- What is expected -
In the entries below, find the line with "Lanson Green Label Organic Champagne Brut" and the line with "epoxy resin kitchen". Print those two and everything between them exactly, and nothing else.

***** Input records *****

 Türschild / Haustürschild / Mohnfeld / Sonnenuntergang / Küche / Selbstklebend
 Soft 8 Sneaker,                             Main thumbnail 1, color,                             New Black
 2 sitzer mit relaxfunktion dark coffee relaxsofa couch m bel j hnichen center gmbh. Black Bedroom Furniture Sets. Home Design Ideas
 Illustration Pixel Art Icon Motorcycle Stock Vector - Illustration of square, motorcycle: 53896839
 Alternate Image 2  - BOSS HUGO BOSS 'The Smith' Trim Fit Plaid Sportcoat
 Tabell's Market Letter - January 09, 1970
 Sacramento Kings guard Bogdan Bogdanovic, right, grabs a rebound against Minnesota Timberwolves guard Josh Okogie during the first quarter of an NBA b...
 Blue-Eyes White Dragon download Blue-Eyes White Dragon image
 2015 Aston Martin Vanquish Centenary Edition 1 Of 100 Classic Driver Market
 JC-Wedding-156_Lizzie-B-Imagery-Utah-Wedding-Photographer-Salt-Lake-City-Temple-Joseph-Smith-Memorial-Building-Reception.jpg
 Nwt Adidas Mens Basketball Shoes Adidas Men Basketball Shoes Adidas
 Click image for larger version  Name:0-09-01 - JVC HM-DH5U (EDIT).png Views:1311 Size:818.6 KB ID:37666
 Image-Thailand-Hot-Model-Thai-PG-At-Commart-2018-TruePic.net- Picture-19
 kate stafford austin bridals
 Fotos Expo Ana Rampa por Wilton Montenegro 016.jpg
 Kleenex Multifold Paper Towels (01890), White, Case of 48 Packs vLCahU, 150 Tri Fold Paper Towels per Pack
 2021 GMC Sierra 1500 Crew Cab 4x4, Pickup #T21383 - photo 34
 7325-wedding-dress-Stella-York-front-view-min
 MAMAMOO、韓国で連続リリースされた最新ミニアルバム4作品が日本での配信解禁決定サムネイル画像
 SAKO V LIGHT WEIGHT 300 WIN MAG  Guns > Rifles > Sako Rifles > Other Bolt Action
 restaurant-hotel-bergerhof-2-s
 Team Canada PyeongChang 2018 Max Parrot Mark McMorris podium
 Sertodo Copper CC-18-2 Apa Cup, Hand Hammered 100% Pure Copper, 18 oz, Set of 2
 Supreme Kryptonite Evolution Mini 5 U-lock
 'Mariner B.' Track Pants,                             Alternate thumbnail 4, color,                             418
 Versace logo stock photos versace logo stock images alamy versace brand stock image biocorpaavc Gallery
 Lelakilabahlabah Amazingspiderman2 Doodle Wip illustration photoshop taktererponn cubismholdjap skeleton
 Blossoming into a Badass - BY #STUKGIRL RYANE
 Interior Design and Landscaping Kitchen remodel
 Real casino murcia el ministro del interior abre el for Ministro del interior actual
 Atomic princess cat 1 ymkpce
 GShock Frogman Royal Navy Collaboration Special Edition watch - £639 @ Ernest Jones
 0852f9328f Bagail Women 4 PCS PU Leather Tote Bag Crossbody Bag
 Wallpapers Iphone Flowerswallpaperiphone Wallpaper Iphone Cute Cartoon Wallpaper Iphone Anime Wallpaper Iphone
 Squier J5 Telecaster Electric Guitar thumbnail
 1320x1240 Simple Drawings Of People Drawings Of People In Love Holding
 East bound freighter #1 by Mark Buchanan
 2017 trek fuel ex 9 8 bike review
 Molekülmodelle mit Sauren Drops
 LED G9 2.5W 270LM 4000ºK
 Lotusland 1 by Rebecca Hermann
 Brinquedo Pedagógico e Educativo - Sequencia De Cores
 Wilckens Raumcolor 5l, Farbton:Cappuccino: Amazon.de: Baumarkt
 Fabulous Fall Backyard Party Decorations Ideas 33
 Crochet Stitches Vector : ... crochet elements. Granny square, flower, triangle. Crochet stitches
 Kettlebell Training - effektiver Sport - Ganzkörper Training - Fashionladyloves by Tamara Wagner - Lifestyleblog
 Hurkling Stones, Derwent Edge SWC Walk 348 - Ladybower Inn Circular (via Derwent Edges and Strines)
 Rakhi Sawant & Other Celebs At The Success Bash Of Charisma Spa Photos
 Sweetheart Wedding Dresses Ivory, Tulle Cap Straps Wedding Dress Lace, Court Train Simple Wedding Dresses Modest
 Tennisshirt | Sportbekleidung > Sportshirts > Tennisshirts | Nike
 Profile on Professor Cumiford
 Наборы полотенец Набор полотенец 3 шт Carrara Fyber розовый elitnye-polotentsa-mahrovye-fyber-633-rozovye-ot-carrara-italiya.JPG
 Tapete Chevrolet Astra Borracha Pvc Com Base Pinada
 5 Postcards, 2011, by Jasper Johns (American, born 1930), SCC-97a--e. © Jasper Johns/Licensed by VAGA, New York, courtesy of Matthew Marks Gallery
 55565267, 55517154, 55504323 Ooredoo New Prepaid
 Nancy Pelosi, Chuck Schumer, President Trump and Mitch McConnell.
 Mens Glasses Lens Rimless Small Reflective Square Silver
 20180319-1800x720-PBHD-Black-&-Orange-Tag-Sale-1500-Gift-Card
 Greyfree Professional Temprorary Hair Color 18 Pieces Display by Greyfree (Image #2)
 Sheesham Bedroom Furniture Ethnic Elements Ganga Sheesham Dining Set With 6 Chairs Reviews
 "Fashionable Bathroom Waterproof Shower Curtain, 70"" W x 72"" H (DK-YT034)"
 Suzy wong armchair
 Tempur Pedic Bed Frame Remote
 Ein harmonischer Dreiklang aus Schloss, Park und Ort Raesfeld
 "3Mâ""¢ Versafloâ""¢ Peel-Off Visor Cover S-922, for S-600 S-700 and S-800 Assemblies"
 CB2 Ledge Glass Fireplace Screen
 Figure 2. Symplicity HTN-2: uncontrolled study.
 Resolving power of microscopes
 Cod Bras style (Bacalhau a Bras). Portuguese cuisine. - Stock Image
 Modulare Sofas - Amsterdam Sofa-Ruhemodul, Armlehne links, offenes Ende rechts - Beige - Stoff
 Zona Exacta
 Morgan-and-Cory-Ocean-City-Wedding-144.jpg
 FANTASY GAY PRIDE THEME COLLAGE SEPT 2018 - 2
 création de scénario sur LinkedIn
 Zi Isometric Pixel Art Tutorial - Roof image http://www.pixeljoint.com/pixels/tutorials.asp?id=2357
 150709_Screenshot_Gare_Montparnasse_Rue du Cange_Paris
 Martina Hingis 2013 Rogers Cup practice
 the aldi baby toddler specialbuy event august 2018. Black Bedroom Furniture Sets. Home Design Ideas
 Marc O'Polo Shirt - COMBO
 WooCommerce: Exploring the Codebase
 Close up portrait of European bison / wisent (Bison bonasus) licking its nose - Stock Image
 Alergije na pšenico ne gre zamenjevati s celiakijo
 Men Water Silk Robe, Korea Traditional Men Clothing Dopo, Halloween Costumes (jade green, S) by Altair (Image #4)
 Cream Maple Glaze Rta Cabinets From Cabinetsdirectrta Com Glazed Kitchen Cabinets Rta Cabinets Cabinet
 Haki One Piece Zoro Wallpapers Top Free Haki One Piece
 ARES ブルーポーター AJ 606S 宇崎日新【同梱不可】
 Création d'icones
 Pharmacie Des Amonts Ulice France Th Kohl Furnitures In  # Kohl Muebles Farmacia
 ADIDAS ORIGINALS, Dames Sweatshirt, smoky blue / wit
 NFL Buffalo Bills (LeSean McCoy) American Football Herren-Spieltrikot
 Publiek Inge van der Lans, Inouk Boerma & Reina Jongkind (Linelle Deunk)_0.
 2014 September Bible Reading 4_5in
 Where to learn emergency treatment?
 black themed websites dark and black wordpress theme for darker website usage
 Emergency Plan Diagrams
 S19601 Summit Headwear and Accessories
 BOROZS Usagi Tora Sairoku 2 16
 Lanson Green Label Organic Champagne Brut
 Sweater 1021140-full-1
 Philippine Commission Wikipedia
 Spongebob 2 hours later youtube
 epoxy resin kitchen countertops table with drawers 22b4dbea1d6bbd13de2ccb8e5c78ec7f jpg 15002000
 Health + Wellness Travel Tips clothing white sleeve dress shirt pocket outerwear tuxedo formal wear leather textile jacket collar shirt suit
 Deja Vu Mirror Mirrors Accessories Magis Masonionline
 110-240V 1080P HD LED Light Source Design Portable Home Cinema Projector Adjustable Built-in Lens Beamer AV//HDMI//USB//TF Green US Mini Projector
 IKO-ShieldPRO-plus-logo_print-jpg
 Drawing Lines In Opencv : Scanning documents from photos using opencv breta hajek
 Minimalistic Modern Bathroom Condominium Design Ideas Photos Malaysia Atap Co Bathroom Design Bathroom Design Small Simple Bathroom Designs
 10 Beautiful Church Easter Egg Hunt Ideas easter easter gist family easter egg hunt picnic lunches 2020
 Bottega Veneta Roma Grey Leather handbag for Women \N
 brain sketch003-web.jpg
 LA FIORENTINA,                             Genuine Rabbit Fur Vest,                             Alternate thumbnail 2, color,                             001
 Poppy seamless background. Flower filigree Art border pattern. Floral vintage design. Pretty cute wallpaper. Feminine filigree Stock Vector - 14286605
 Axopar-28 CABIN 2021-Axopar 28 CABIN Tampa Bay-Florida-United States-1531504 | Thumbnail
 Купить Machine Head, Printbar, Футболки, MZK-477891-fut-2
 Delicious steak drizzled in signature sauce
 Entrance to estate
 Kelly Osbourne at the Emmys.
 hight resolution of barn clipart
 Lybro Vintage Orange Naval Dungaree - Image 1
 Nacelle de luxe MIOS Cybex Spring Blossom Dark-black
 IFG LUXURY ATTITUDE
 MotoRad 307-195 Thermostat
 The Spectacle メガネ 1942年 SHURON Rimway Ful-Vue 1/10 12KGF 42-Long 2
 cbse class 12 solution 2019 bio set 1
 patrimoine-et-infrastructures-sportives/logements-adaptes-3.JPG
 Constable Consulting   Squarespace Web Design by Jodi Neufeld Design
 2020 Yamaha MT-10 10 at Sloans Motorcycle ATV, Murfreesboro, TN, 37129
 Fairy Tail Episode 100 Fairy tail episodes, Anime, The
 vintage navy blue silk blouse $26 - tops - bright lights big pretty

*****

- Task output -
 Lanson Green Label Organic Champagne Brut
 Sweater 1021140-full-1
 Philippine Commission Wikipedia
 Spongebob 2 hours later youtube
 epoxy resin kitchen countertops table with drawers 22b4dbea1d6bbd13de2ccb8e5c78ec7f jpg 15002000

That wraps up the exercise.